To demonstrate the generality of our results, independent of learning rule or implementation, we implement a spiking biophysical perceptron. D'Souza et al. (2010) proposed perceptron-like learning by combining synaptic spike-time dependent plasticity (STDP) with spike-frequency adaptation (SFA). In their model, the leaky integrate-and-fire neuron receives auditory input and delayed visual input.
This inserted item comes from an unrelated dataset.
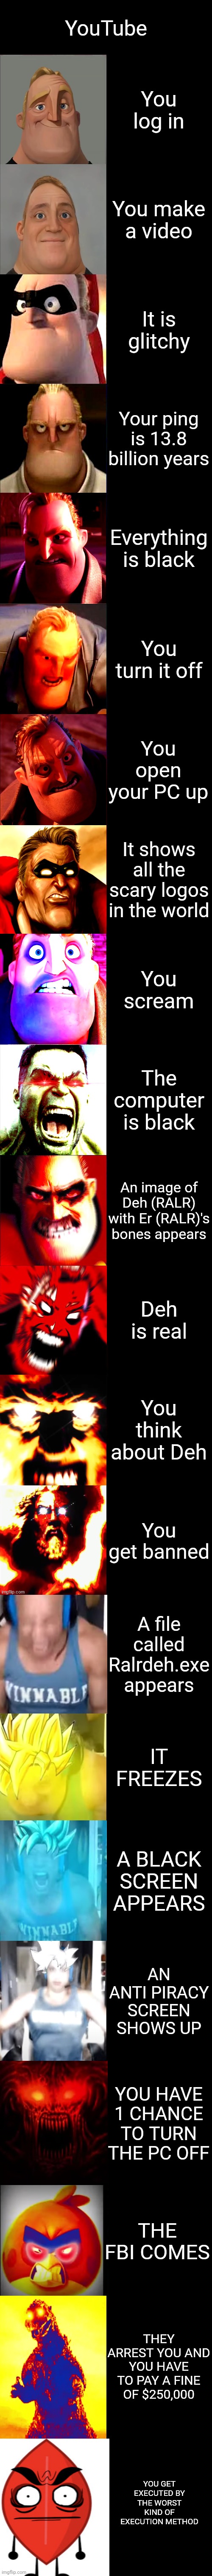 POV: You are on YT | YouTube; You log in; You make a video; It is glitchy; Your ping is 13.8 billion years; Everything is black; You turn it off; You open your PC up; It shows all the scary logos in the world; You scream; The computer is black; An image of Deh (RALR) with Er (RALR)'s bones appears; Deh is real; You think about Deh; You get banned; A file called Ralrdeh.exe appears; IT FREEZES; A BLACK SCREEN APPEARS; AN ANTI PIRACY SCREEN SHOWS UP; YOU HAVE 1 CHANCE TO TURN THE PC OFF; THE FBI COMES; THEY ARREST YOU AND YOU HAVE TO PAY A FINE OF $250,000; YOU GET EXECUTED BY THE WORST KIND OF EXECUTION METHOD | image tagged in mr incredible becoming angry 21 phases | made w/ Imgflip meme maker

The neuron’s objective is to balance its auditory response $A = 𝒘 \cdot 𝒙$ to its visual response $V$ by adjusting the weights $𝒘$ of its auditory synapses through STDP. The visual input is the supervisory signal. We use 100 auditory inputs, and measure the energy for the neuron to learn $𝒘$ so that each auditory input pattern becomes associated to a (binary) visual input. We repeatedly present patterns $𝒙^{(p)}$ , each with two activated auditory inputs until $𝒘$ stabilized as D’Souza et al. The training is considered successful if the auditory responses of all the input patterns associated to the same binary visual input fall within two standard deviations from the mean auditory response of those patterns, and are at least five standard deviations away from the mean auditory response of other patterns. Synaptic caching is implemented as in the main text by splitting $𝒘$ into persistent forms and transient forms. We consider the optimal scenario where the transient weights do not decay and have no maintenance cost. Also in the biophysical implementation of perceptron learning, synaptic caching (green curve) saves a significant amount of energy compared to without caching (red curve), suggesting that synaptic caching works universally regardless of learning algorithm or biophysical implementation.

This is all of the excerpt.